Love can be kind of an obsession. One is free to love but if the object of affection doesn't return it, that love can lose its course and end up wandering. Through this film, by crossing the light and shadows of love, I wanted to bare the inner flesh of hidden, bitter loneliness to all who live in the city.
Kim Hyung-tae
A highly controlled drama of obsessive love, Pisces is ultimately flawed by its own inability to let off the brakes, but remains a very promising debut by writer-director Kim Hyung-tae, who reportedly spent seven years prepping the movie. Headlined by a luminous performance from looker Lee Mi-yeon (Whispering Corridors, Harmonium in My Memory), pic never lapses into either soupy melodrama or stalker thriller, touching on but never elucidating the essence of emotional desire.

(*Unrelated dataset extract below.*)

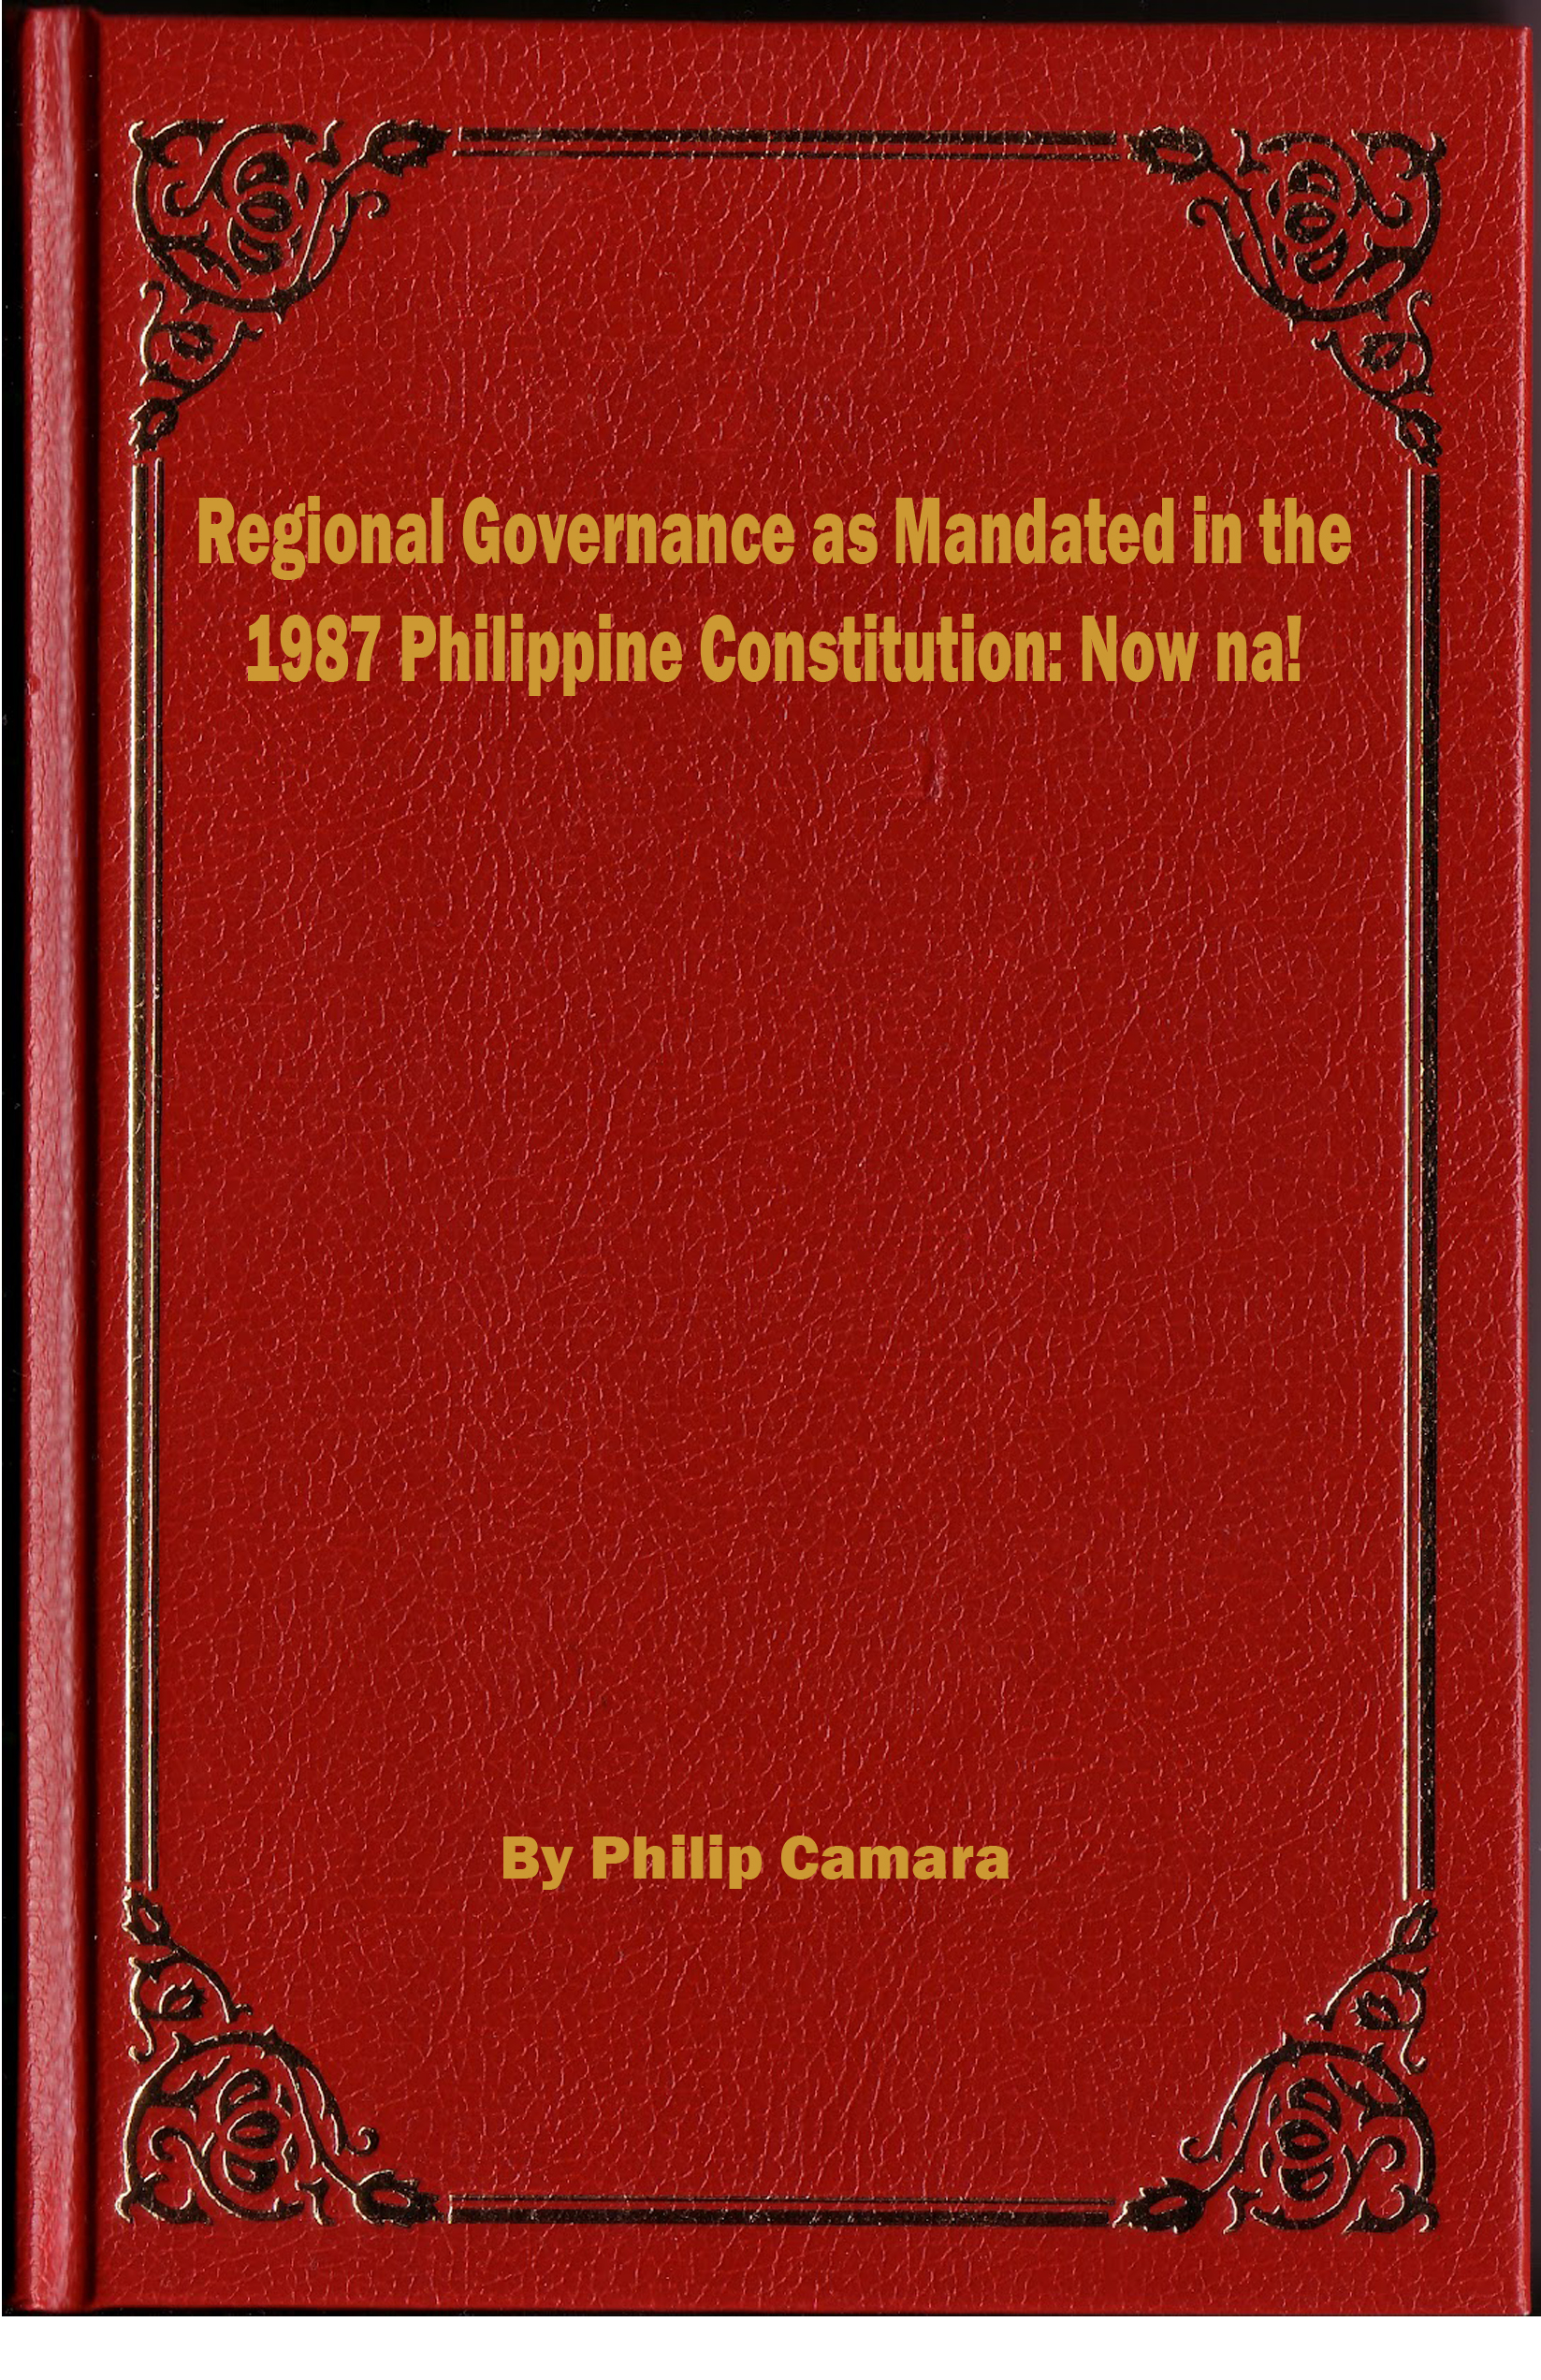 Regional Governance as Mandated in the 1987 Philippines Constitution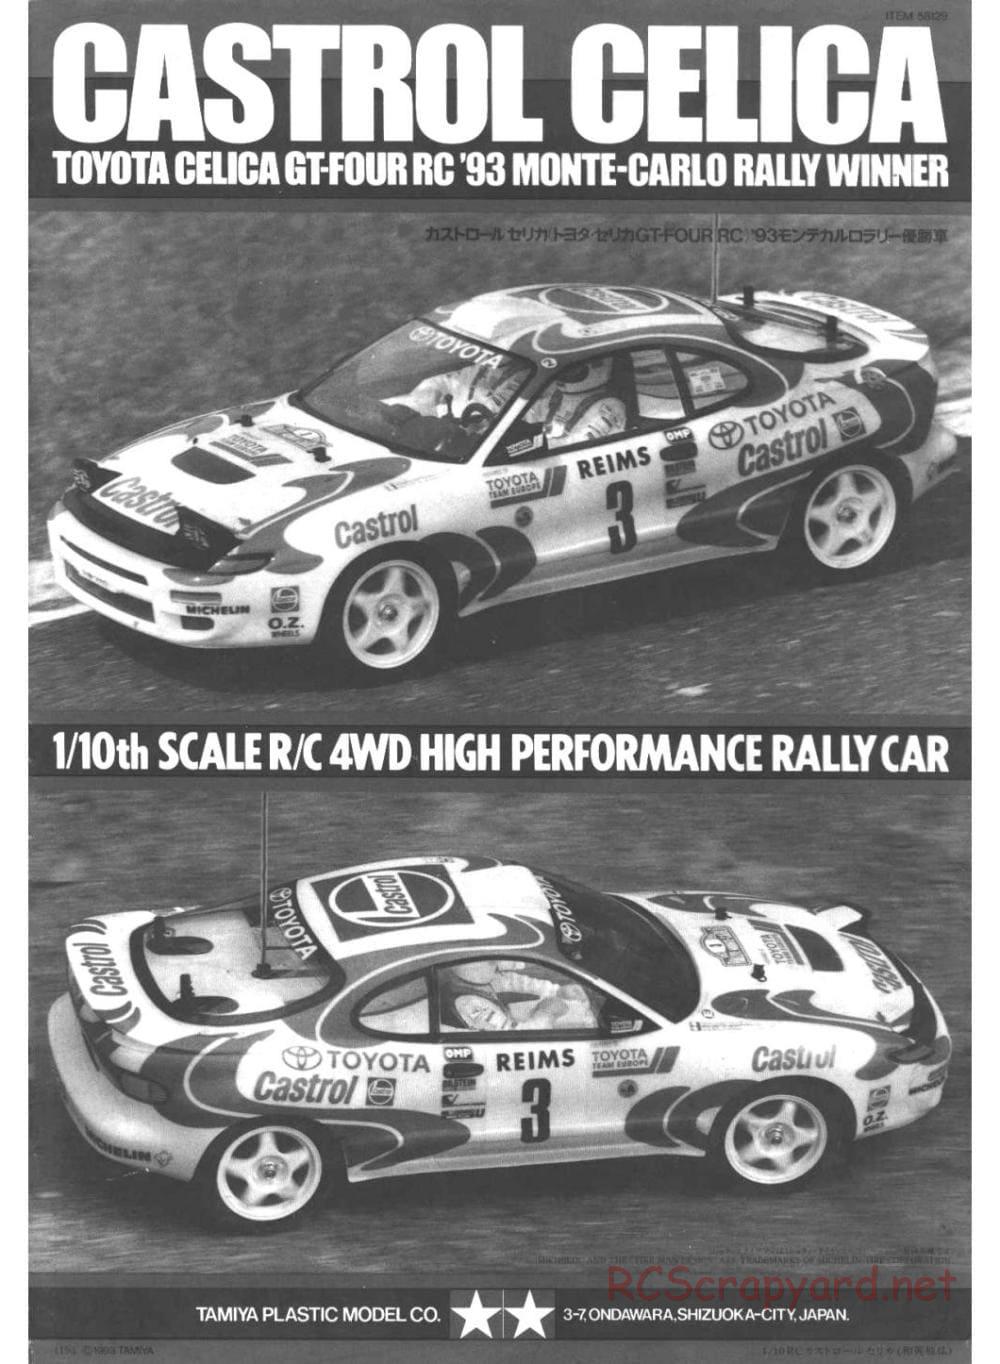 Tamiya - Castrol Celica 93 Monte-Carlo - TA-02 Chassis - Manual - Page 1

Neat to the point of mania, Jung Ae-ryun takes over a video shop and soon falls for a customer, handsome singer-composer Yu Dong-suk, who works opposite. A friendship slowly blooms, and she seems to accept the fact he has a girlfriend; very gradually, however, she starts to bug him, secretly arranging for a break in his career and clandestinely visiting his apartment. Initially just picture-book pretty, Lee negotiates a transition to a harder-faced obsessive an hour in that's remarkable, though pic is weakened by Choi's blander perf as the singer and the lack of a suitably cathartic climax. Pristine lensing by Hwang Seo-shik is a big plus.